As far as the comment that if you forbid sitting cross-legged you will make all sitting forbidden, see that the yoga position is not merely cross-legged as a person would usually sit when sitting on the floor. They sit in the “lotus position.” One leg is folded over the other leg an additional time, and the arms are held in an unusual and uncomfortable position. This is a unique posture, and although no philosophy or religion owns any position, one has to ask, “Why is he sitting like that?”
If you see someone making a sign of the cross on his chest with his finger and then kiss his finger, what would you think? Even though he might be thinking, “chochma, binah, daas” (wisdom, understanding, knowledge), since that movement has for so many centuries been associated with the “catholic trinity,” a Jew should not do it [Reb Akiva adds, as a known religious practice of the gentiles a Jew is forbidden from doing it].
Their meditation practices are unhealthy, and merely changing the idolatrous words (as one well known rabbi suggests) is not enough. For instance, mantra meditation endlessly repeats a word (often the name of an idol) in order to erase, or ignore all other thoughts. This is an attempt to try to come to “singularity.” Changing the name of the idol that is being chanted to a kosher name will not make this system spiritually healthy.
This technique attempts to eliminate the mind’s function, and tries to bring the meditator to “emptiness.” Jewish meditation strives to bring you to the awareness of G-d, not emptiness. It is not just their names and their techniques that are wrong. Even their goals will take you away from proper spiritual objectives. You cannot mix in even a tiny principle of another religion, or you will pollute your spiritual life.

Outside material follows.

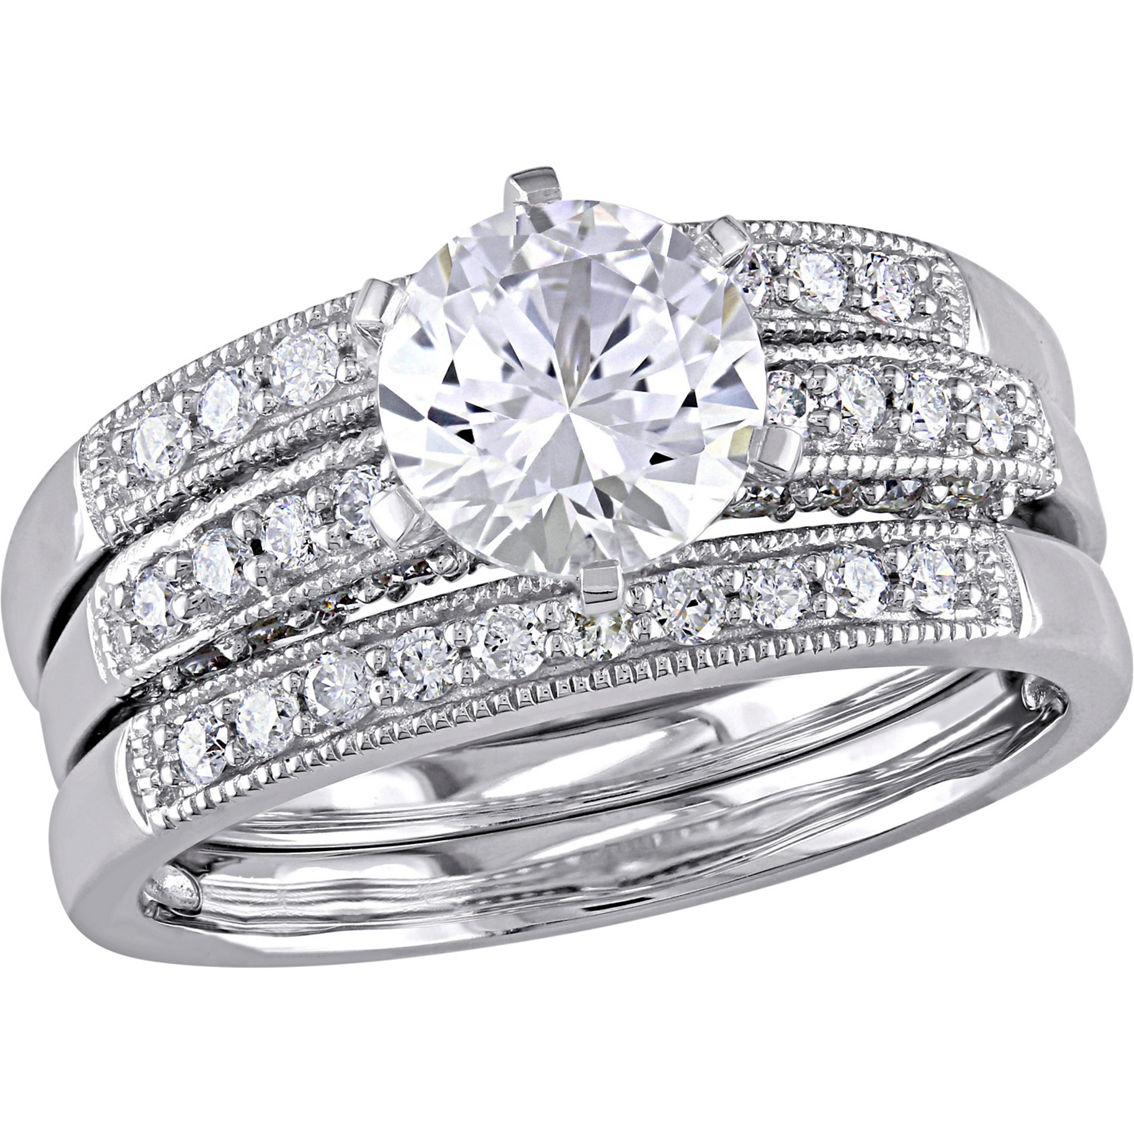 Sofia B. 10K White Gold Created White Sapphire and Diamond 3-Piece Bridal Ring Set

Reading the many articles and opinions on this subject shows just how widespread and deep the ignorance about idolatry is in the Jewish world. One woman wrote that an “Orthodox rabbi” in her yoga class has no problem with the statue of ga-nish (an Indian god that is part elephant and part person) that is in front of them when they meditate, because the “rabbi” says that he has no intention of worshipping it! We are taught not to even pick up a coin that you dropped in front of an idol, because it might look like you are bowing down to the statue.
Would that “Orthodox rabbi” sit in a treif (non kosher) restaurant, even if he did not eat anything? Of course not! Sitting in front of an idol and meditating is much worse than sitting in a treif restaurant! Sitting in a treif restaurant fools others. Sitting in front of an idol, fools others and it also fools you. He began by saying that yoga is parve –neutral - and ended up meditating in front of an actual idol!
Afterward by Reb Akiva...
There are some who shout "zealots, you would ban everything!" in response to our words on yoga. Dear rabbis who would say such, the Mishnah in Pirke Avos writes Avtalyon said: Sages, be careful with your words lest you deserve to be exiled and are exiled to a place of bad waters. The students who come after you will drink of these waters and die, and G-d's Name will be desecrated.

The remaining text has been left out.